For about fifteen minutes, the two ships hammered each other at close range—sometimes as little as 750 yards, which in naval terms is practically a bar fight.
The German ship had got her torpedoes away and one hit Alcantara amidships on the port side. The engine room began flooding. She slowed to three knots and began listing heavily to port.
At 11:02 in the morning, HMS Alcantara rolled over and sank, taking 68 crew with her.
The destroyer HMS Munster arrived as the Alcantara went down, pulling survivors from the water. Priest had successfully negotiated those gangways and corridors, managing to escape with nothing more than a few shrapnel wounds.
This was no victory for the Greif—she too was finished. Riddled with shells and ablaze, she succumbed to the weight of fire from arriving British warships.
By the end of the day, both ships were gone.
The Britannic
Nine months later, November 1916, Priest was back at work. This time in the boiler room of HMHS Britannic—the infamous Titanic’s younger sister ship and currently one of the largest hospital ships in the fleet. The war was still raging.
HMHS Britannic was on her way to the Mediterranean to collect casualties. On the 21st, near the Greek island of Kea, Britannic struck a mine.
Once again, Priest fought his way up from the lower decks. He reached a lifeboat—just as it was dragged into the still-turning propellers. He jumped. The water closed over him.
The blades spun him like a rag doll and moments later he resurfaced into a tangle of wreckage and bodies. A drowning man grabbed at him. He shook him off.
HMHS Britannic sank in under an hour. Thirty people died. Priest survived.

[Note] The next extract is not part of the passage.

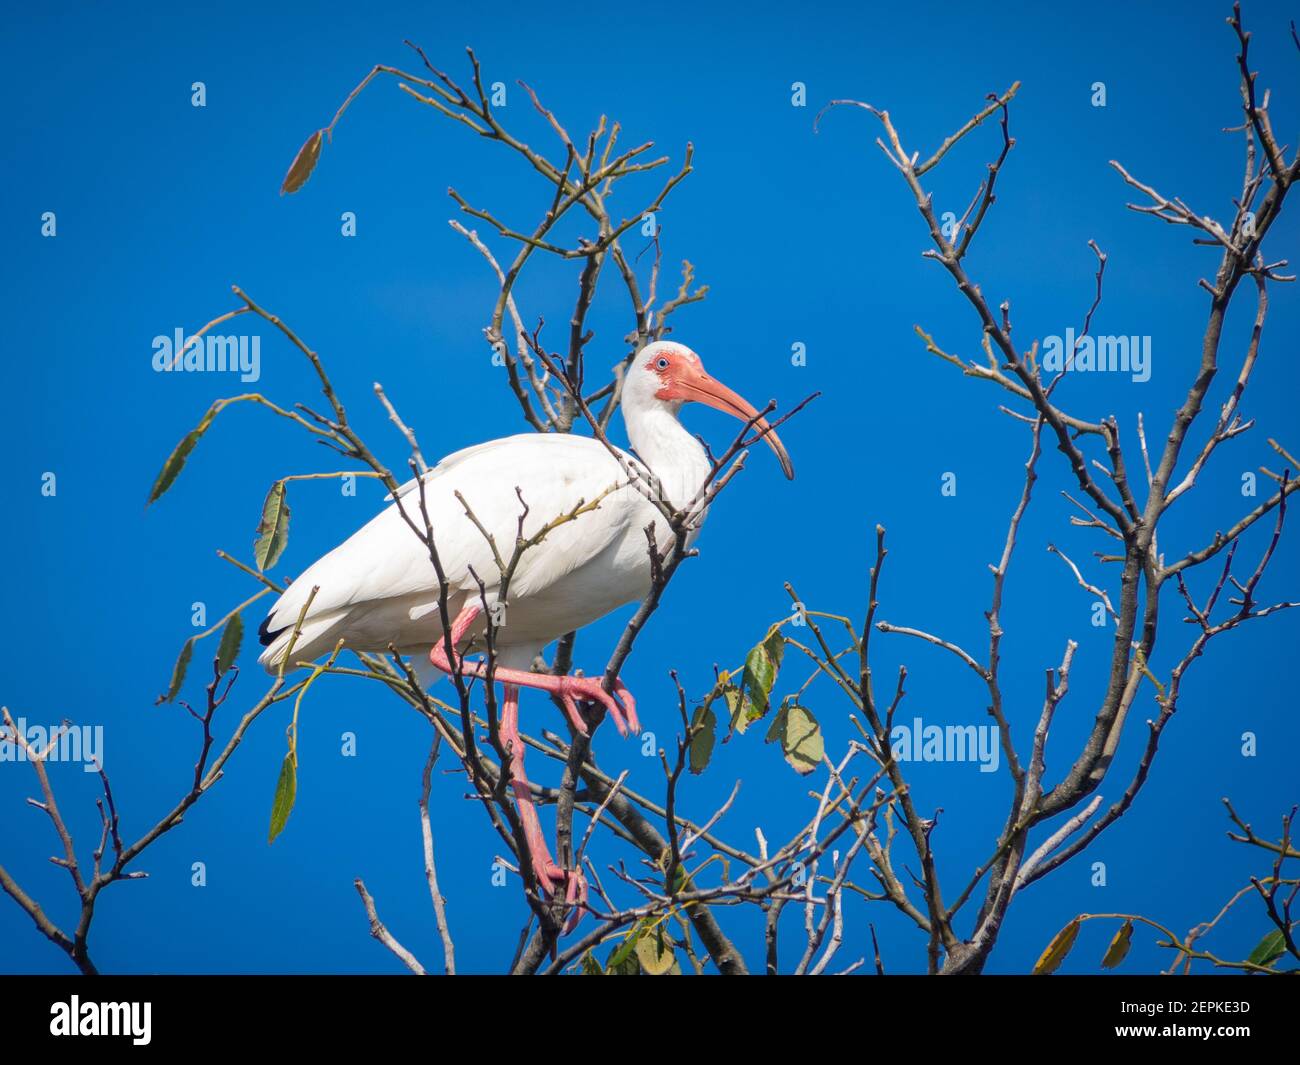 White ibises on a tree Stock Photo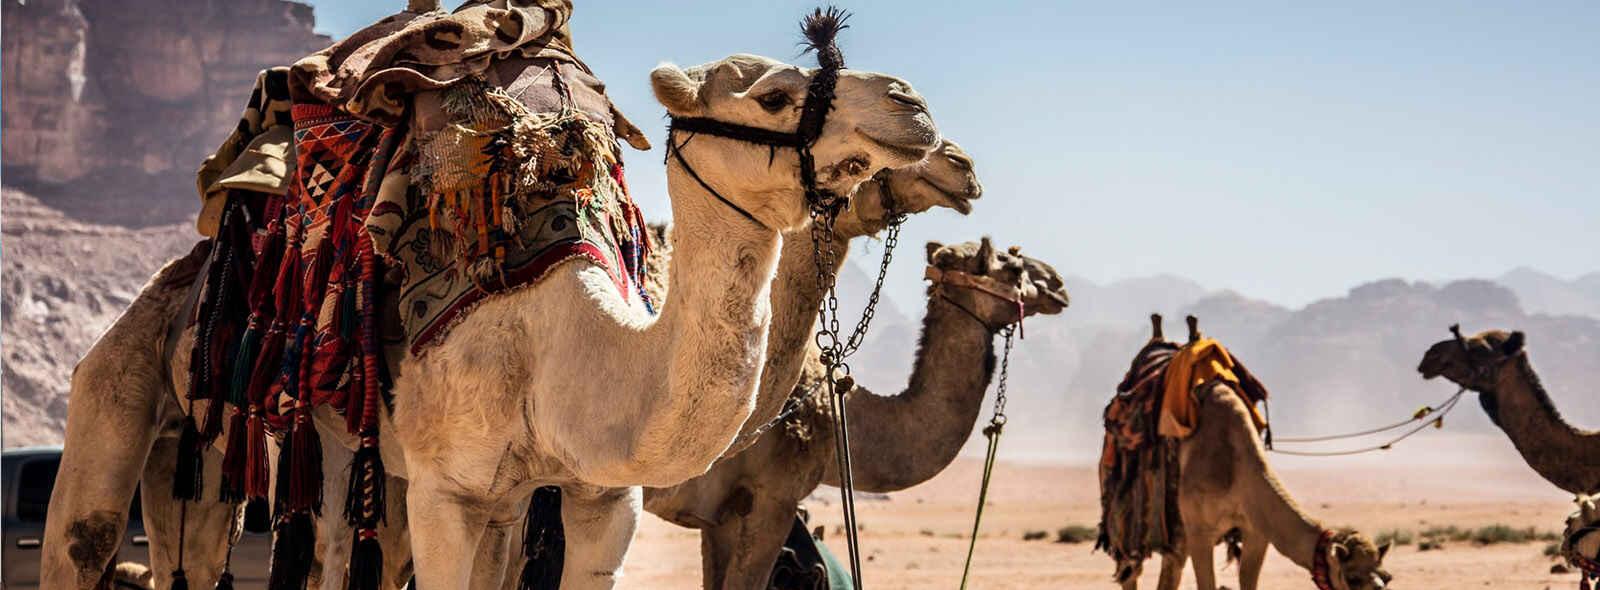 kamelen bij drinkbak in wadi rum

In Oscar Wilde’s The Importance of Being Earnest, when confronted with Jack Worthing’s orphaned childhood, Lady Bracknell sniffs…
To lose one parent, Mr. Worthing, may be regarded as a misfortune;
to lose both looks like carelessness.
You wonder what Lady Bracknell would have made of Arthur Priest. His crew mates christened him The Unsinkable Stoker. Others called him Jonah. Some refused to sail with him altogether.
The Donegal
Four months later, April 1917, Priest was serving as a fireman aboard the hospital ship SS Donegal, crossing the English Channel, when she was torpedoed by a German U-boat and sunk.
This time, Priest didn’t escape entirely unscathed. However, despite being pulled under by the suction, he came up under wreckage in the water, suffering a serious head injury.
At this point, you can see that Arthur John Priest was developing a rather complicated relationship with the sea. Saner men would have moved to the Midlands and found a desk job.
If you were in Priest’s stoker boots, would these three sinkings have caused you to reconsider your career choice?
Before you answer, I should come clean—there’s more.
RMS Asturias and RMS Olympic
In fact, Priest’s first brush with disaster came before the war even started. In 1908, his first ship, RMS Asturias, managed to collide with another vessel on her maiden voyage. Nobody died and the ship limped home. As a career opener, it wasn’t particularly encouraging.
Three years later, in September 1911, Priest was serving aboard the RMS Olympic—the other sibling of the RMS Titanic.